The error you run into means your output file names have duplicates. Since you use the ID column directly now into filename, it means in your combined_df table the ID column has duplicates from that table. We checked and made sure that the original ID does not duplicate. However we did not check about duplicates in the ID column -- these columns should have different start positions.
If you use this logic:
{"_".,join([chrom, start_pos, end_pos, _meta_info[2]]) if _meta_info[2] != _meta_info[3] else _meta_info[2]}
that would "fix" the issue. The problem with the above proposal is that for each gene you will save different events to different places. But at least you can implement that for your toy data and see.

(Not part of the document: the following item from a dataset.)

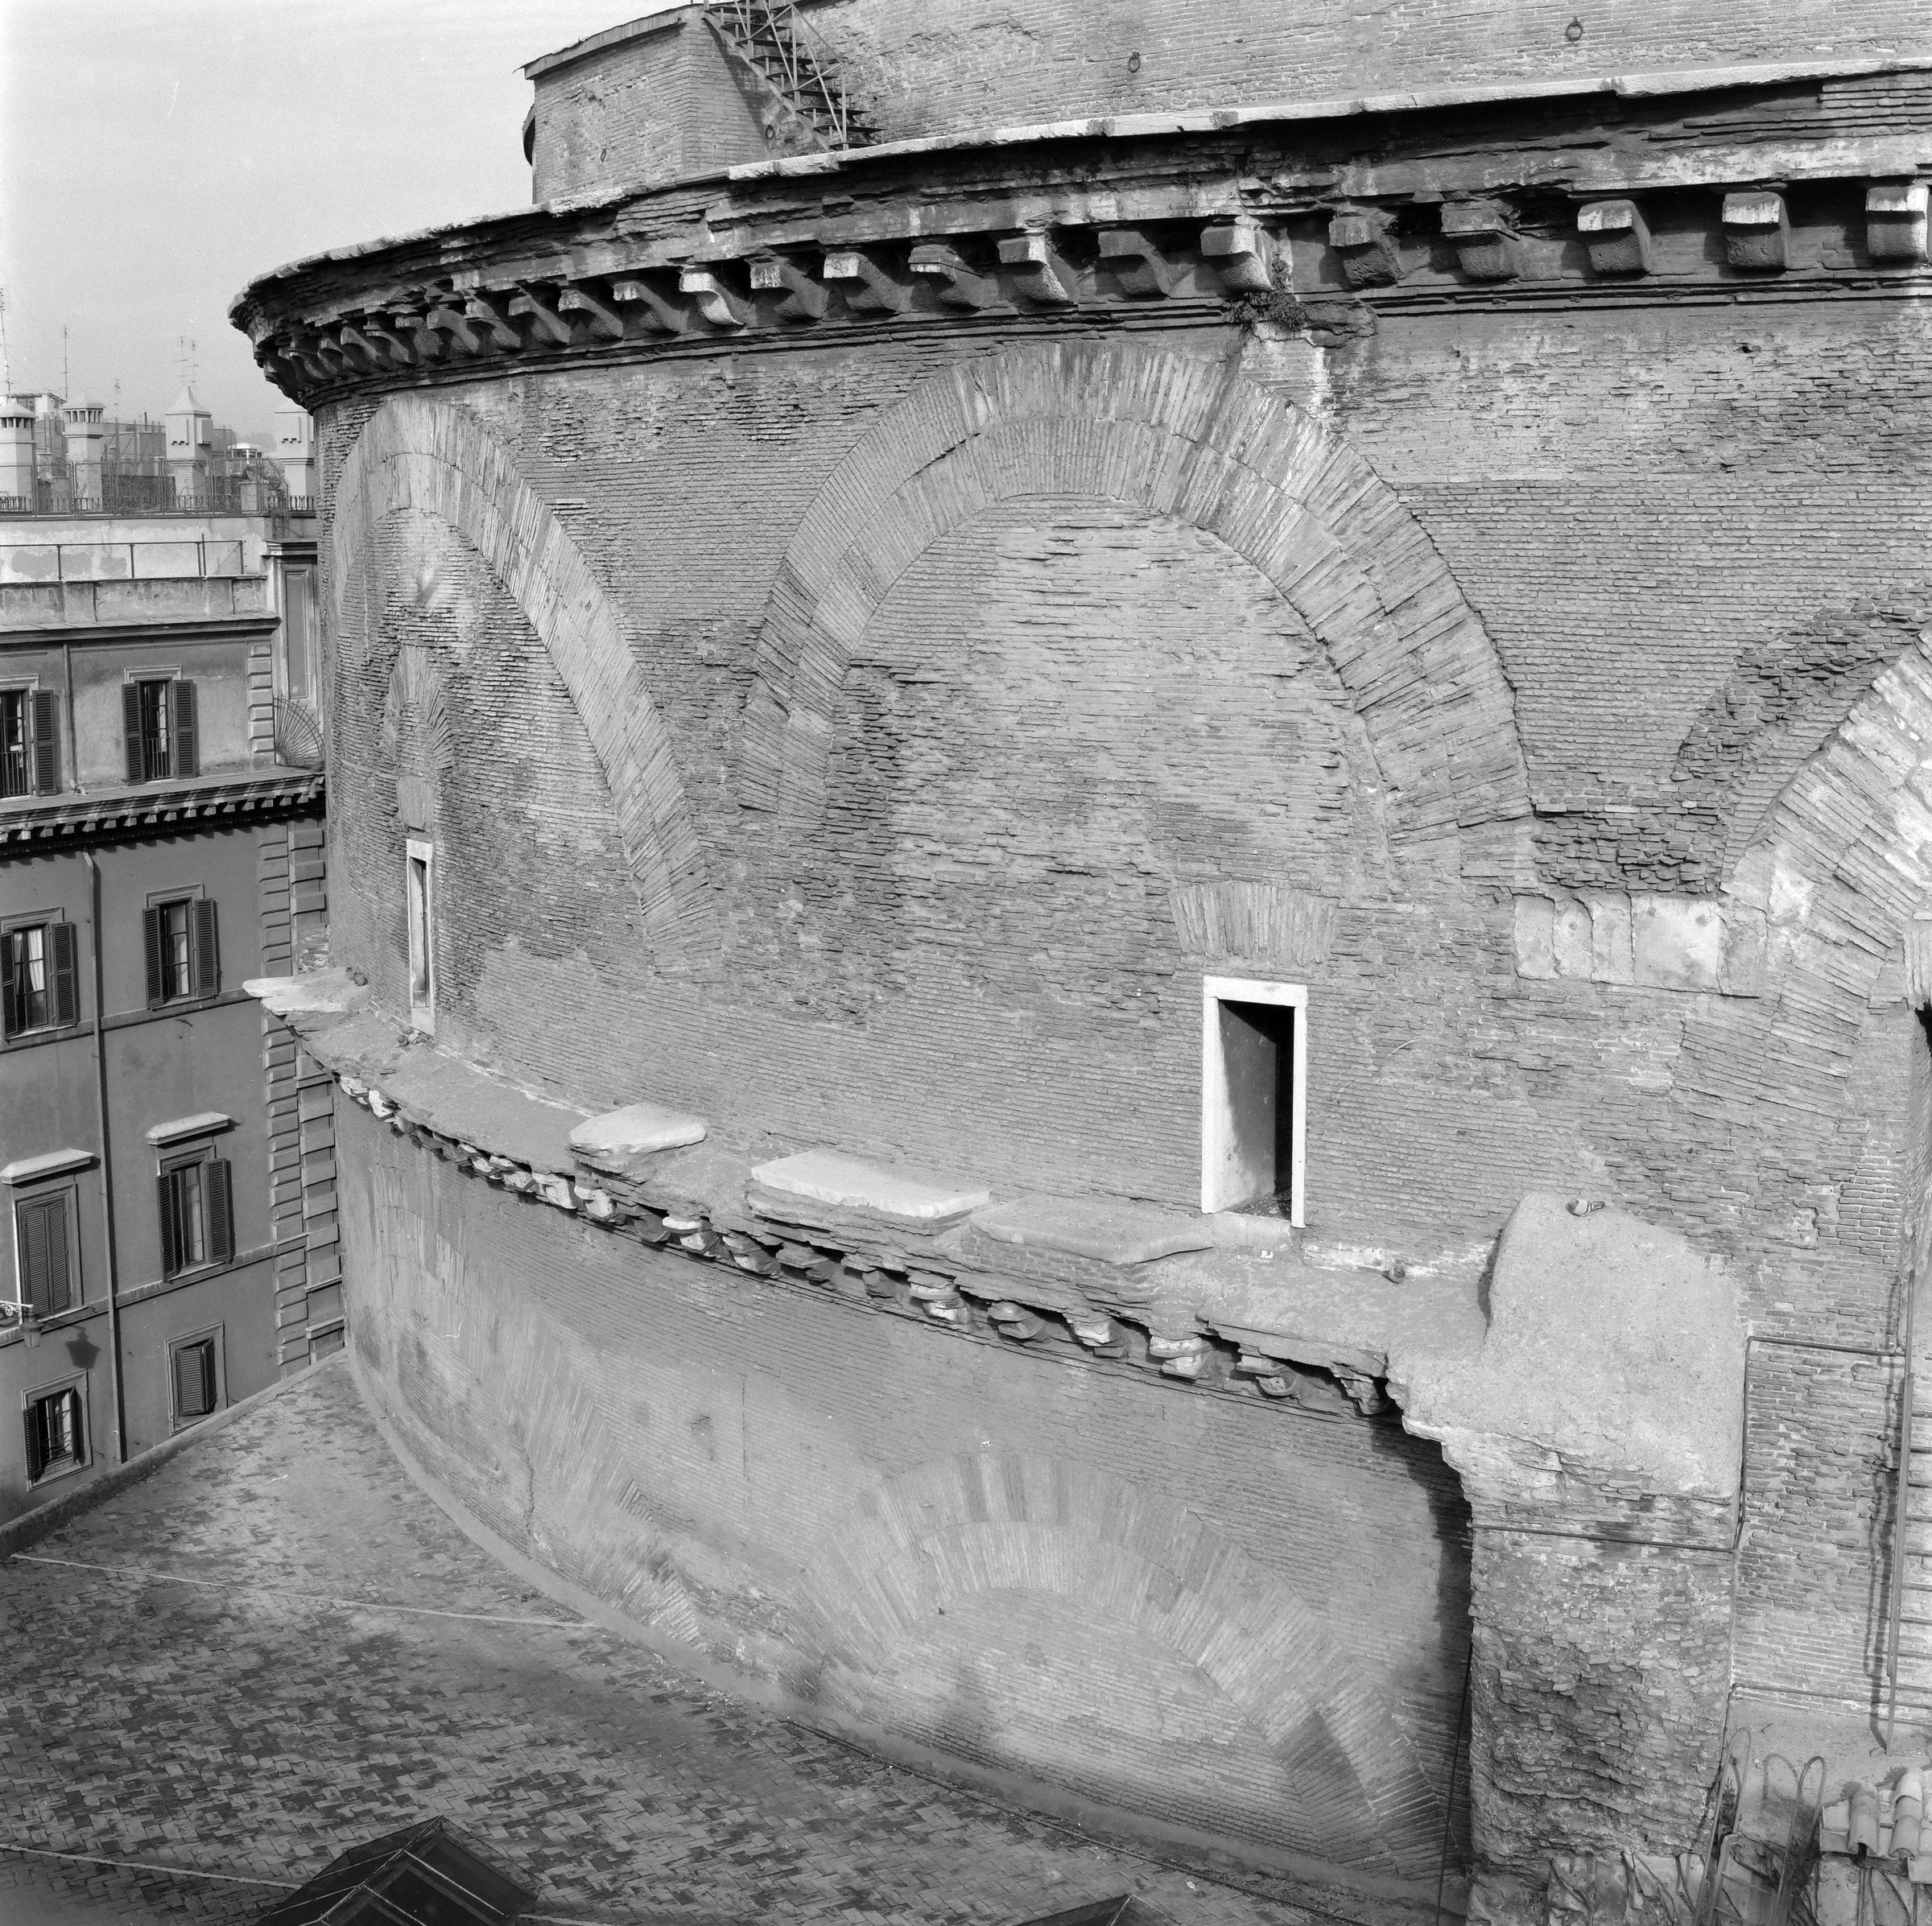 Fotografo non identificato, Pantheon; Pantheon (Chiesa di S. Maria ad Martyres), 1951-2000, gelatina ai sali d'argento, 6x6 cm, N078730

To keep events within the same gene into the same file, the other idea that may work is this --- you turn the data below:
chr1 12315 12316 ENSG000001 isoform1,isoform2
chr1 12340 12341 ENSG000001 isoform3
Into
chr1 12315 12341 ENSG000001 isoform1,isoform2,isoform3
That is, to further combine rows by the ID column using min(start) and max(end). This will give you unique ID column.
Then in your data extraction code you will extract and get this range of values into the output of tabix_region which may also contain other genes but it is okay because in the tabix_region function you will also further filter it by the Original ID column i believe, so you only subset the lines including isoform1, isoform2 and isoform3.
I hope what I explained makes sense to you.
Thanks for reminding the duplicates, I think the problem is that I did not aggregate conditions etc. in function and leave duplicate ID in the regional data. I've tested with sQTL and eQTL data and that works.
Hi @gaow please review code/cis_analysis/cis_workhorse.ipynb before you merge it.